Paclitaxel is one of the most clinically effective anticancer agents and is the primary first-line therapy for advanced NSCLC, particularly in patients lacking actionable genetic mutations [28]. However, the prolonged administration of paclitaxel frequently results in acquired resistance, substantially limiting its therapeutic benefit. Therefore, it is crucial to elucidate the molecular mechanisms underlying paclitaxel resistance and develop strategies to overcome it. Among the potential targets, ABCB1 has emerged as a promising candidate for reversing paclitaxel resistance.

In the present study, we observed that paclitaxel-resistant cells exhibited markedly elevated expression of ABCB1. By using UPLC-MS/MS, we further quantified intracellular and extracellular paclitaxel concentrations in parental (A549) and resistant (A549/TAX) cells; the results confirmed that resistance to paclitaxel is primarily attributable to the drug efflux function of P-gp. Notably, ABCB1 knockdown significantly enhanced the cytotoxicity of paclitaxel, thereby establishing the pivotal role of P-gp in mediating paclitaxel resistance and highlighting the therapeutic potential of its inhibition.

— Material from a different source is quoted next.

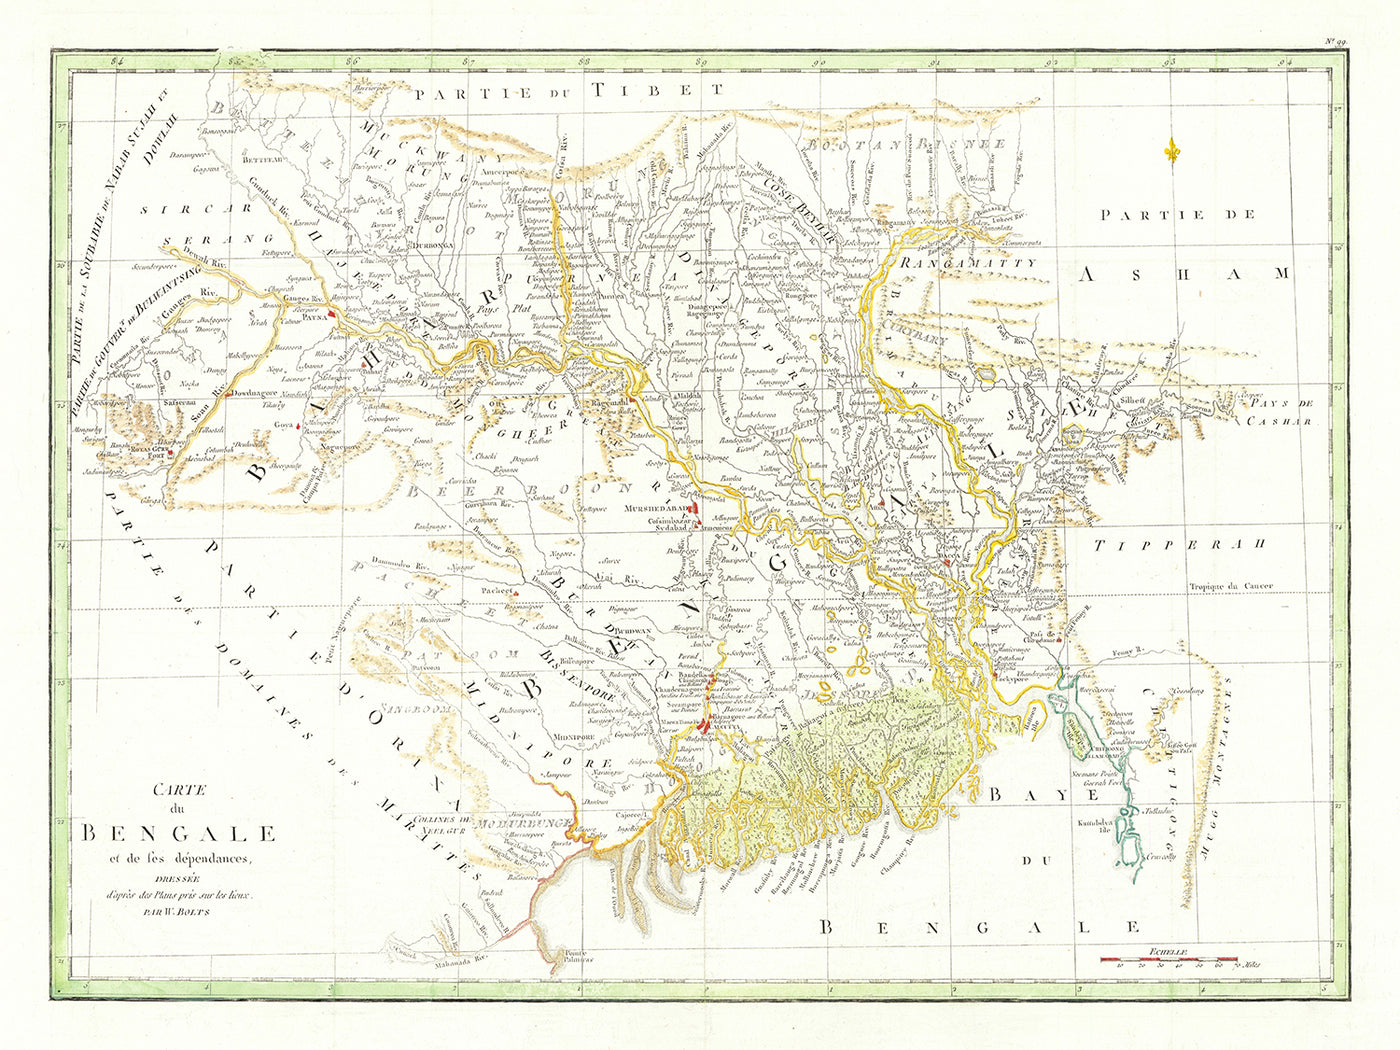 Old Map of Eastern India and Bangladesh by William Bolts, 1773: Calcutta, Dacca, Patna, Murshidabad

Furthermore, our study also utilized human NSCLC specimens rather than animal models, thereby increasing translational relevance. We demonstrated that ABCB1 overexpression in clinical samples is closely associated with paclitaxel resistance and adverse prognosis.

Consistent with these findings, the administration of P-gp inhibitors substantially augmented paclitaxel-induced cytotoxicity, indicating a promising strategy for NSCLC treatment. P-gp is an ATP-dependent efflux transporter with broad substrate specificity, and numerous studies have demonstrated that its inhibition enhances chemosensitivity across multiple malignancies. For example, Creemers et al. [29] reported that tariquidar sensitized adrenocortical carcinoma cells to doxorubicin and etoposide, while Lagas et al. [30] showed that elacridar increased dasatinib accumulation in the brain. Similarly, Joshi et al. [31] identified natural alkaloid compounds that can effectively inhibit P-gp activity.

Despite encouraging preclinical results, the clinical translation of ABCB1 inhibitors faces substantial challenges. First-generation inhibitors such as verapamil and cyclosporine A partially reversed multidrug resistance (MDR) in early clinical trials; however, their clinical application was impeded by substantial toxicity at effective doses, including severe hypotension and immunosuppression. Second-generation inhibitors, including valspodar and biricodar, were designed with improved specificity and reduced toxicity; however, pivotal Phase III trials—such as those combining valspodar with paclitaxel for treating ovarian cancer—failed to demonstrate survival benefits, largely because of complex pharmacokinetic interactions. Third-generation inhibitors (e.g., tariquidar, zosuquidar, and laniquidar) demonstrated superior selectivity and potency with reduced off-target effects; nevertheless, large-scale Phase III trials in patients with ovarian cancer and NSCLC again yielded disappointing outcomes, failing to improve overall survival [32,33]. These limitations highlight the multifactorial nature of MDR, the challenge of achieving effective intratumoral inhibitor concentrations without systemic toxicity, and the necessity of better patient stratification. Notably, the high expression of P-gp at the blood–brain barrier has received increasing attention of researchers [34]. The inhibition of P-gp may facilitate enhanced penetration of diverse agents into the central nervous system, including chemotherapeutics for glioblastoma and drugs for Alzheimer’s disease and epilepsy. For example, recent studies have explored the combination of tariquidar with temozolomide to improve drug delivery in patients with glioblastoma [35,36]. Although promising, such strategies require rigorous clinical evaluation to establish both efficacy and safety. Overall, despite decades of clinical research, no P-gp inhibitor has yet been approved for clinical MDR reversal because of these unresolved challenges.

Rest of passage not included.